The fact she was using the thing they paid for and continue to pay for, the town's streets, to ends they don't support was the essence of the argument against her. She certainly wouldn't have had trespassing charges levied against her if she hadn't been proselytizing. It costs marginally more to store a piece of user-generated content but the principle is the same - both people are making use of resources a company owns but has made available to the public to do something that is not only legal but a constitutionally guaranteed right.
I'unno, there's probably more wiggle room involved in these cases, as you don't generally enter explicit contract to use a street or whatev'. Pointedly, you do with stuff like facebook. The companies in question very much have limits -- and up front ones, for that matter, even if bloody no one reads them -- on what sort of access they allow and how you're allowed to use that access. You're going to be fucking with contract law as much or more than civil/speech law if you're going to override how they host material. Probably a host of freedom of association issues, too, since however open the gates are on these websites they're still much closer to a gated community than a public facing street (well, the parts that aren't actually public facing, anyway).
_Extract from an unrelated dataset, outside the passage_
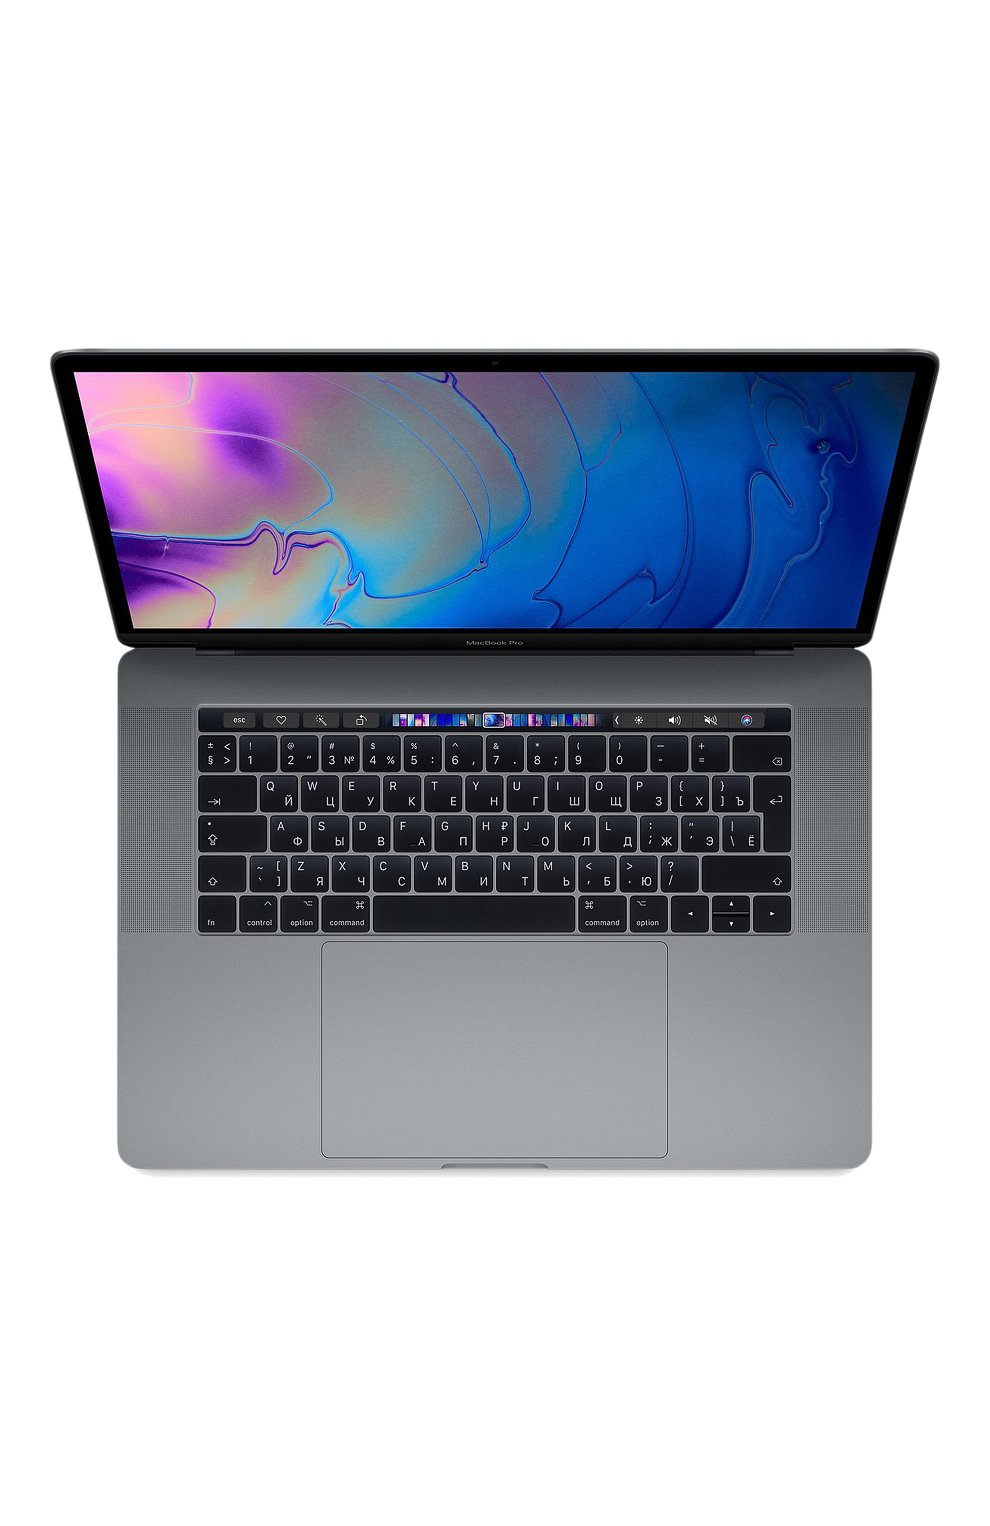 "MacBook Pro 15"" с панелью Touch Bar со встроенным датчиком Touch ID 6-Core i7 2.6GHz 512GB Space Gray | Фото №1"

Even then there totally are realistic ways to express your 1st et al without them... just not to as wide an audience.

... still, part of me finds turning stuff like facebook public to be sorta' hilarious. Can anyone here imagine how things would change with a legislative mandate to enforce stuff like hate speech protections and copyright versus functionally lackadaisical private administration? I'd imagine shit like safe harbor stops applying for something government ran, and the clusterfuck that would ensue from stuff like that would probably be tumblr nipple-ban tier.

As someone that doesn't really use the stuff the shitshow would be incredible to watch from the sidelines.

E: Honestly, now that I'm thinking about it why the hell do we seem to think making these services public would entail a better end result to begin with? Public utilities cut people off for misuse all the time and are under threat of much bigger sticks when it comes to policy enforcement, and then there's the cash et al side of things. Wouldn't it be some fuckhuge massive problem to be running a public utility that's funding itself off ads and whatnot? Would you be running this stuff with taxpayer money instead?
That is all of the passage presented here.